História do adubo da independência – Famílias agricultoras que faziam parte do grupo “Alimentos para a Vida”, das comunidades de Arroio da Cruz e Terra Vermelha, no município de São Mateus do Sul, desenvolveram um adubo orgânico apelidado de adubo da independência, no início dos anos 2000. Esse grupo testou a experiência e começou a divulgar os resultados para outras comunidades.
Durante muito tempo o adubo foi fabricado em muitas comunidades da região centro-sul do Paraná e planalto norte catarinense. E, em cada lugar, ia ganhando um nome diferente, como: adubo dos colonos, adubo caseiro, super gordo, super adubo orgânico e adubo da independência. É interessante perceber que os agricultores e agricultoras usam os produtos que existem na propriedade, para diminuir os custos.

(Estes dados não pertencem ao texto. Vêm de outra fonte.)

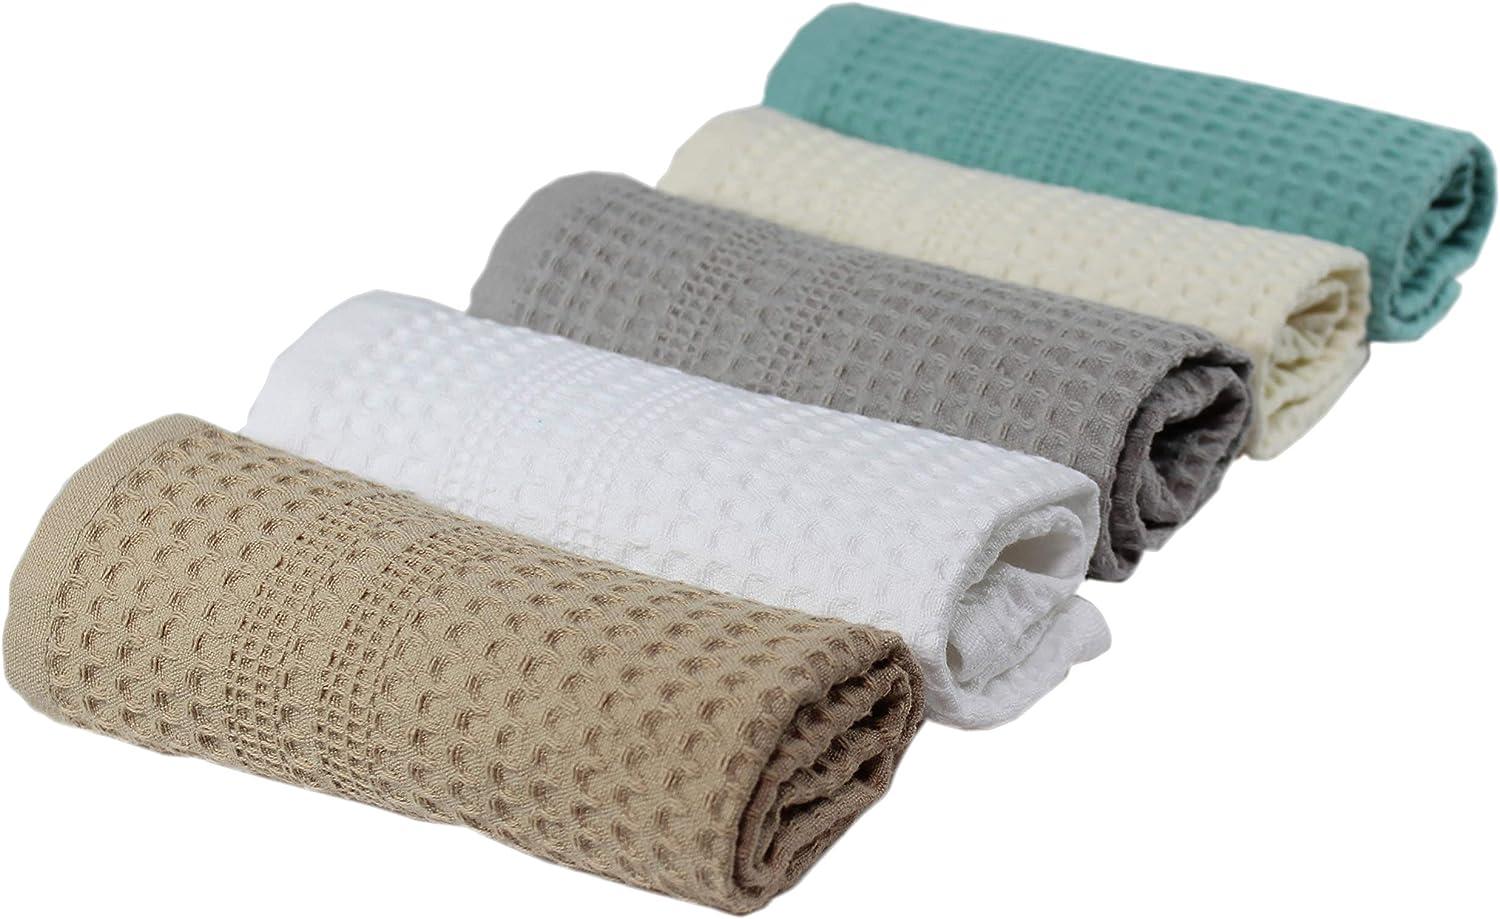 GILDEN TREE Waffle Towel Quick Dry Thin Exfoliating, 4 Pack

Por diversas razões, o feitio do adubo da independência, que usualmente era produzido de forma comunitária e adaptado às diferentes realidades e territórios, diminuiu. Com a crise atual, tanto da alta dos custos de produção quanto a liberação recorde de agrotóxicos, saídas alicerçadas em tecnologias sociais e inovações da agricultura familiar camponesa, de povos indígenas e comunidades tradicionais, se mostram como caminhos de superação e construção de projeto político para o campo, cidades, águas e florestas.